A commode has been imported for the presiding judge.
It is not obvious to anyone on Pitcairn why the legal bottom cannot sit itself upon the cliff-top lavatories, the aptly-named 'long drops' that serve everyone else's daily needs.
Investigating officers from the Kent Constabulary have winged to and fro between England and New Zealand in business class seats.
'Unfair' punishment
There has already been huge expenditure on accommodation, on video-conferencing equipment, on the Ministry of Defence policemen who have been stationed on the island doing three-month stints for the past 18 months and on social workers who are largely shunned by the community.
The expenditure is running into millions.
Meanwhile the community is desperate to see its facilities upgraded.
One such improvement would be re-surfacing the Hill of Difficulty - the often-muddy and treacherous road connecting Bounty Bay and the township where everyone lives, Adamstown.
£500,000 ($835,000) was earmarked by the Department for International Development for this project.
Then, around two years ago at the very time news of impending charges filtered out, the money ceased to be available.
No wonder the community feels it is being punished for the alleged sins of the few.
Despite this feeling, the material needed for the trials could not have been installed without the co-operation of the Pitcairners.
Some islanders contributed to the building of the remand centre.
The longboat crews brought the materials ashore.
Britain's 'revenge'
Of course they did. That is the Pitcairn way. Yet the crews stand to be emasculated if either those charged are removed to New Zealand for trial, or if any convicted are jailed.

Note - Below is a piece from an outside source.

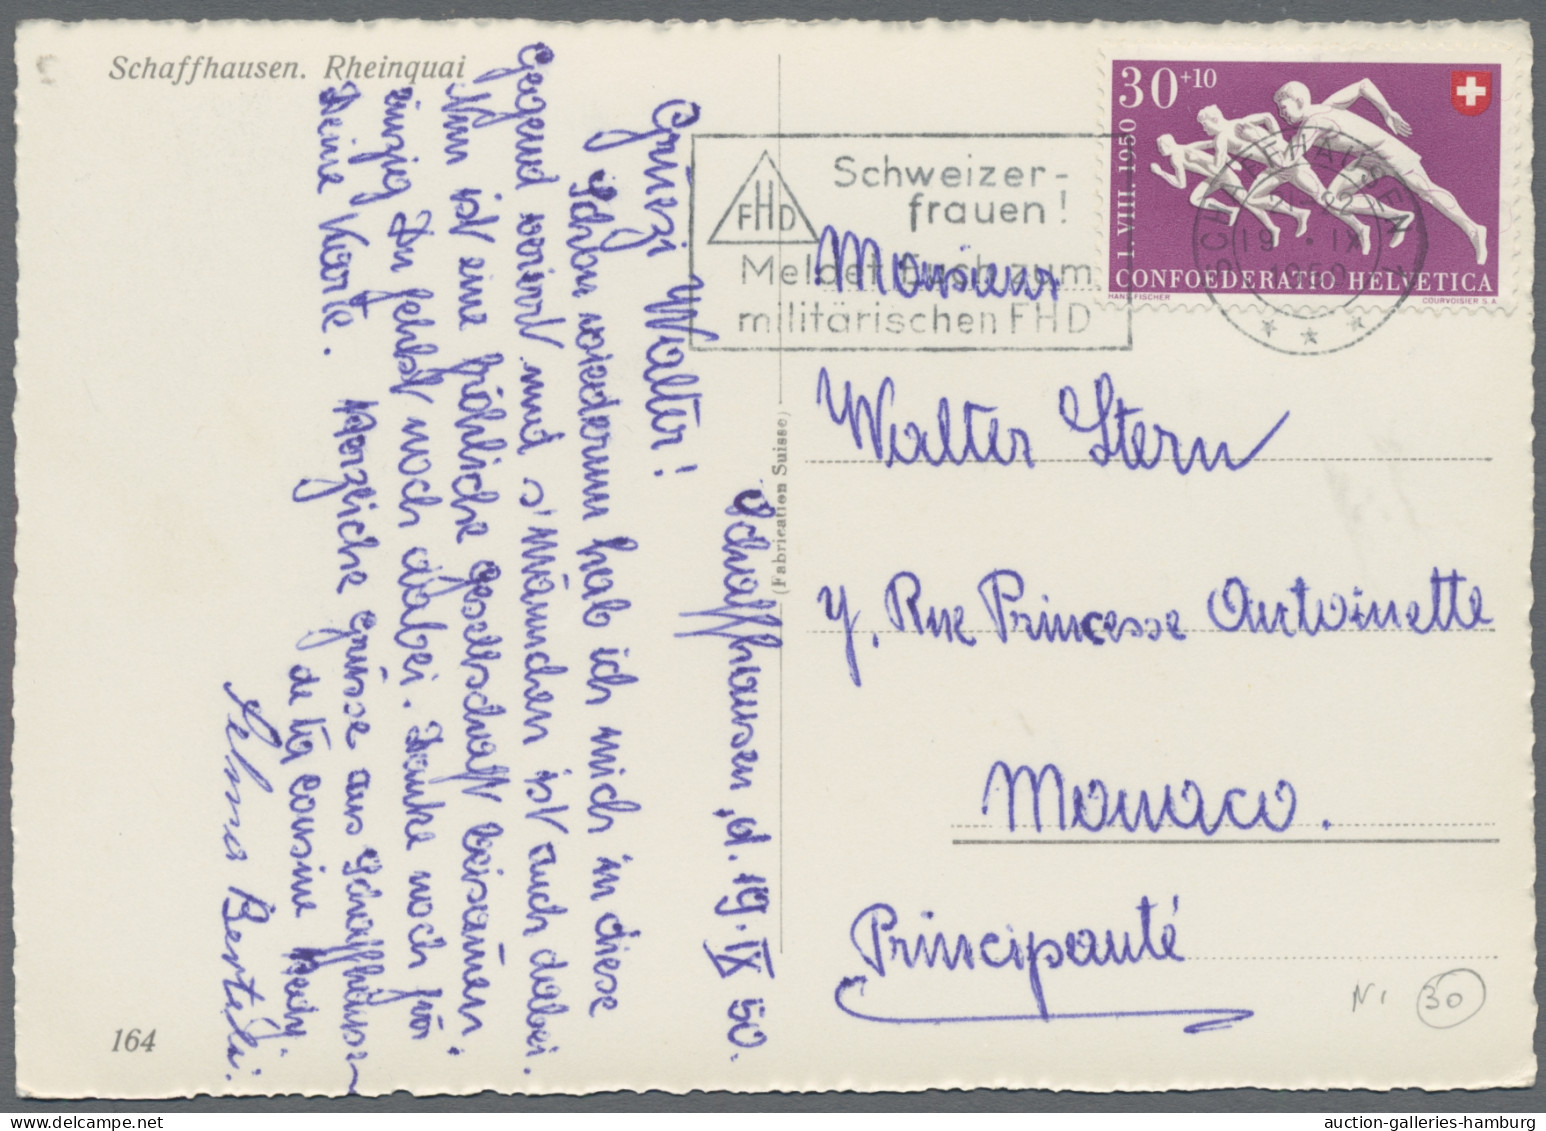 Schweiz: 1930-1960, 136 Briefe oder Karten aus der Schweiz in das Fürstentum Mon

Although Tony Blair has failed to answer letters from Pitcairn appealing for the trials to be held on their island, the islanders do not want independence.
"We've got no money, no brains, no people, no nothing," says an over-modest Betty Christian, among the most articulate of Pitcairn's womenfolk.
It will take the wisdom of several Solomons to save the best of this small, marvellous, imperfect speck of cultural diversity, and to ensure that Betty Christian has no excuse for asserting that, 213 years after the Bounty mutiny, Britain was at last taking revenge on the mutineers.
Here's a clue: BBC. Government media.
Man, the BBC has taken a nosedive lately.
"We've got no money, no brains, no people, no nothing," says an over-modest Betty Christian, among the most articulate of Pitcairn's womenfolk.
Must be overly concerned about the available jury pool.
'Cultural Sensitivity' be damned.
Pitcarin Island is difficult to reach and prohibitively expensive for the British Empire to reach and prosecute criminal rapists? Who'd a'thunk?
Pitcarin Island was deliberately settled because it was difficult to reach and prohibitively expensive for the British Empire to reach and prosecute criminal rapists. The Bounty Mutineer faction (it was no more than a fraction of the minority of the crew that mutinied) kidnapped Tahitian sex slaves and brought them to the nearly-impossible-to-find island hideout.
"Depends on how you define technically".
LOL...I may have you beat. Not only did I spend at least an hour there, I tested neighboring Norfork island email service.